During FY20 Oasmia repaid its outstanding convertible bonds of SEK59.6m leaving short-term borrowings of SEK80.0m and raised net funds of SEK371.9m in December from an equity placing.

Oasmia reported flat consolidated net sales of SEK0.208m in Q120/21 (SEK0.182m in Q119/20), which comprised largely of sales of supplies of SEK0.171m (SEK0.072m in Q119/20) as the launch of Apealea in the Nordics was hampered by COVID-19. Operating expenses increased to SEK51.7m (vs SEK39.4m in Q119/20) due to higher employee benefit expenses (SEK21.9m vs SEK14.6m) attributable to a larger average number of employees and severance costs relating to the strategic cost-reduction programme. The number of employees at the end of Q120/21 was 59. Operating loss for the quarter amounted to SEK49.2m (SEK35.8m in Q119/20).
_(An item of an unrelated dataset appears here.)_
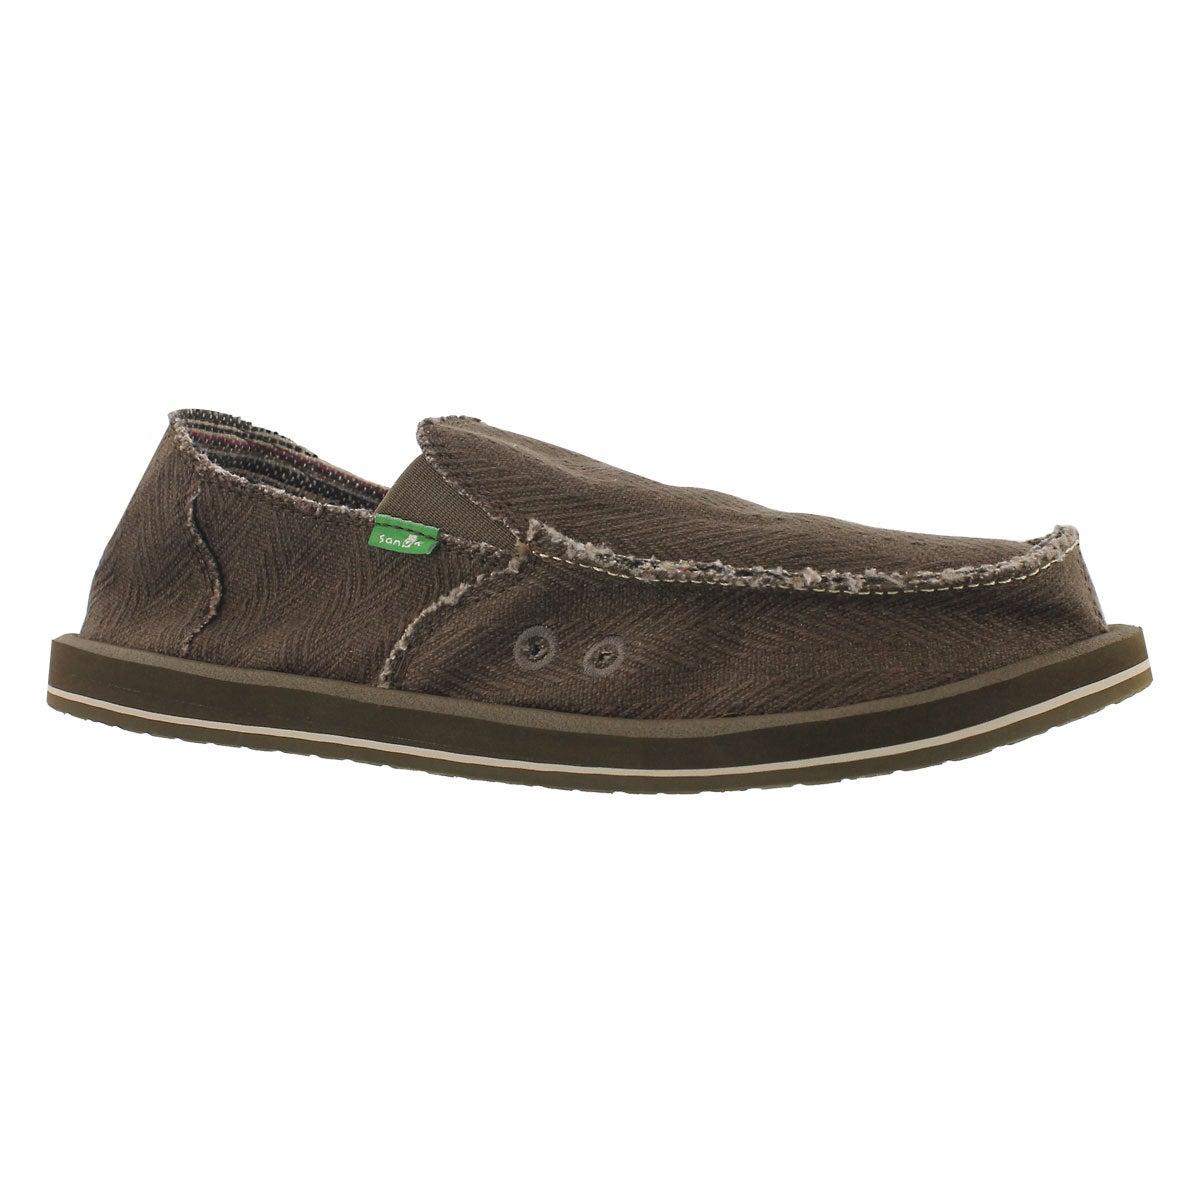 Mns Hemp olive slip on shoe

Taking into consideration cash and cash equivalents plus short-term investments of SEK354m, Oasmia had a net cash position of SEK274m at 31 July 2020. Our net cash calculation includes a deduction of SEK80m for the short-term liability relating to the MGC Capital claim. However, we note that this is largely offset by a counter claim held by Oasmia that has a face value of SEK60m (book value SEK40m). This is sufficient to fund Oasmia through to our forecast breakeven year of FY23, given our expectations of costs to stabilise at a lower run rate and the top line to start contributing meaningfully.